SUPPLIED ENTRIES section start
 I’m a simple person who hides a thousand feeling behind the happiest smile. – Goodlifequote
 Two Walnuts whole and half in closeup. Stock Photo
SUPPLIED ENTRIES section end
SUPPLIED ENTRIES section start
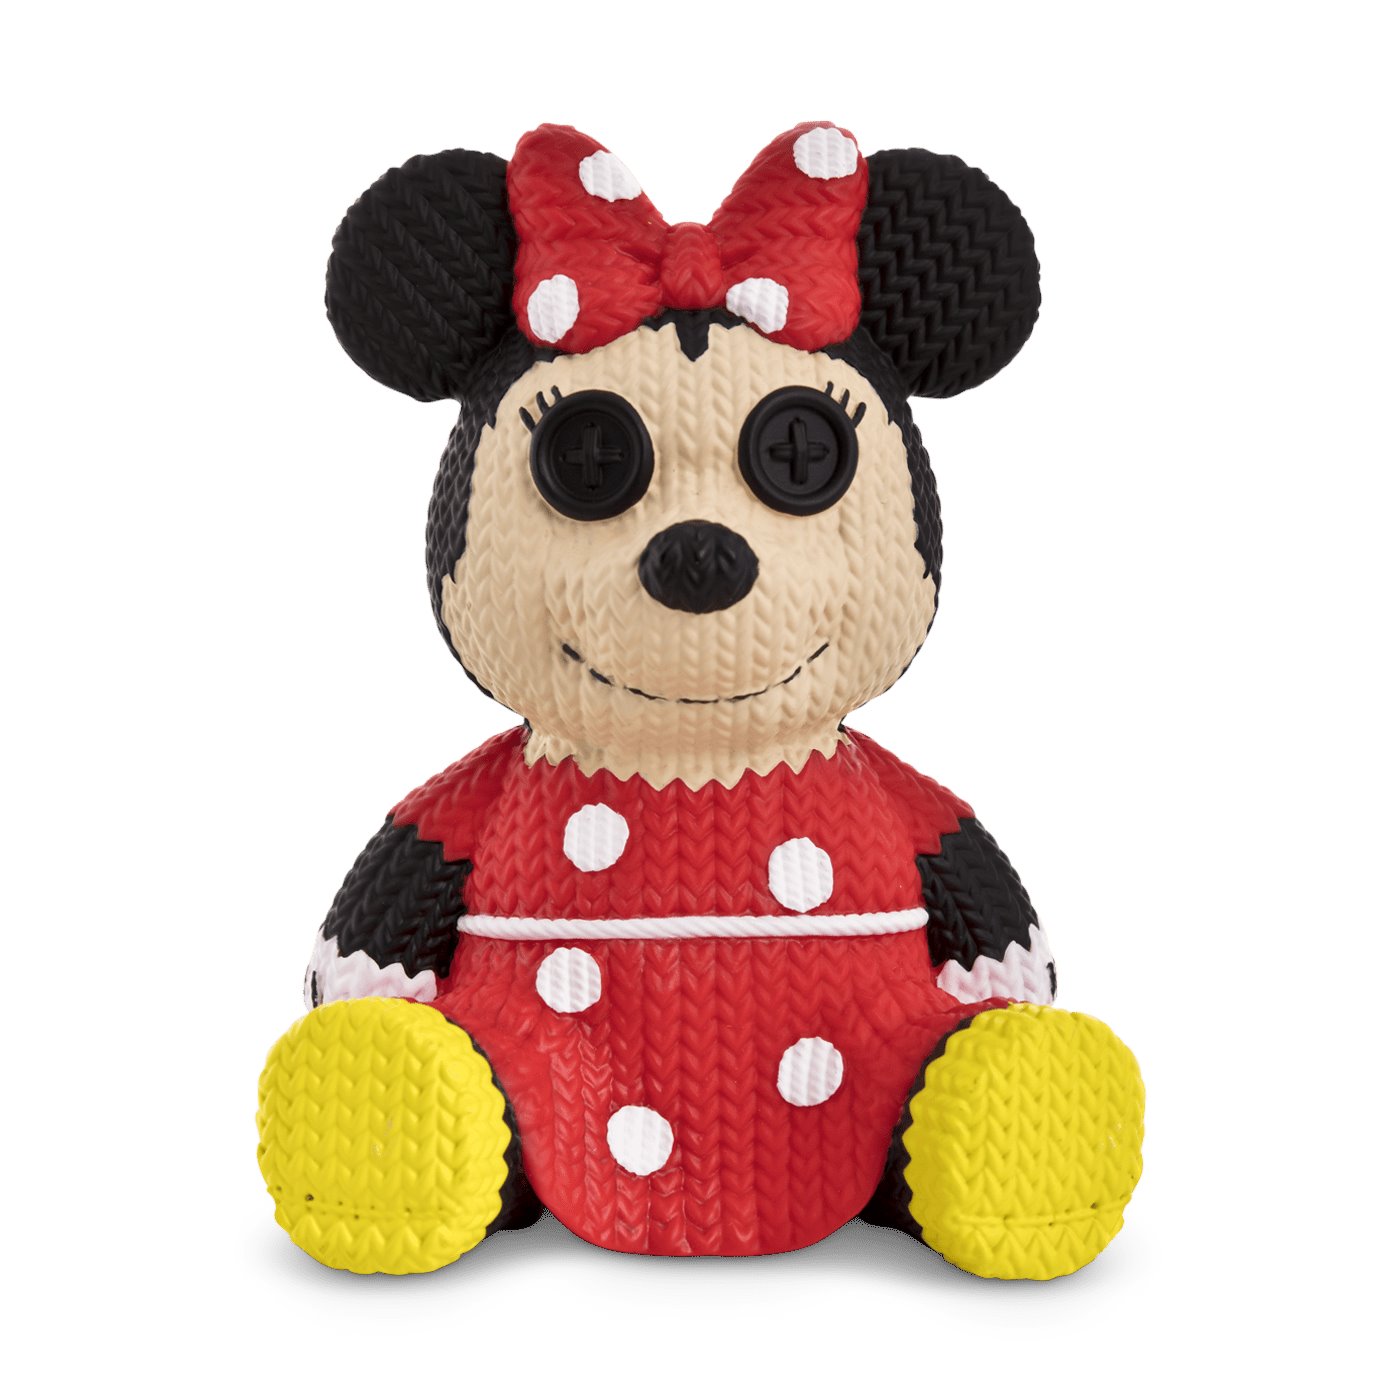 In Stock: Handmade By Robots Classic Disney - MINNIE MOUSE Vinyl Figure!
SUPPLIED ENTRIES section end
• _WHAT IS REQUIRED_: Above are the records; repeat exactly the lines from the one holding "I’m a simple" down to the one holding "Two Walnuts whole", end lines included.

• _EXERCISE ANSWER_:
 I’m a simple person who hides a thousand feeling behind the happiest smile. – Goodlifequote
 Two Walnuts whole and half in closeup. Stock Photo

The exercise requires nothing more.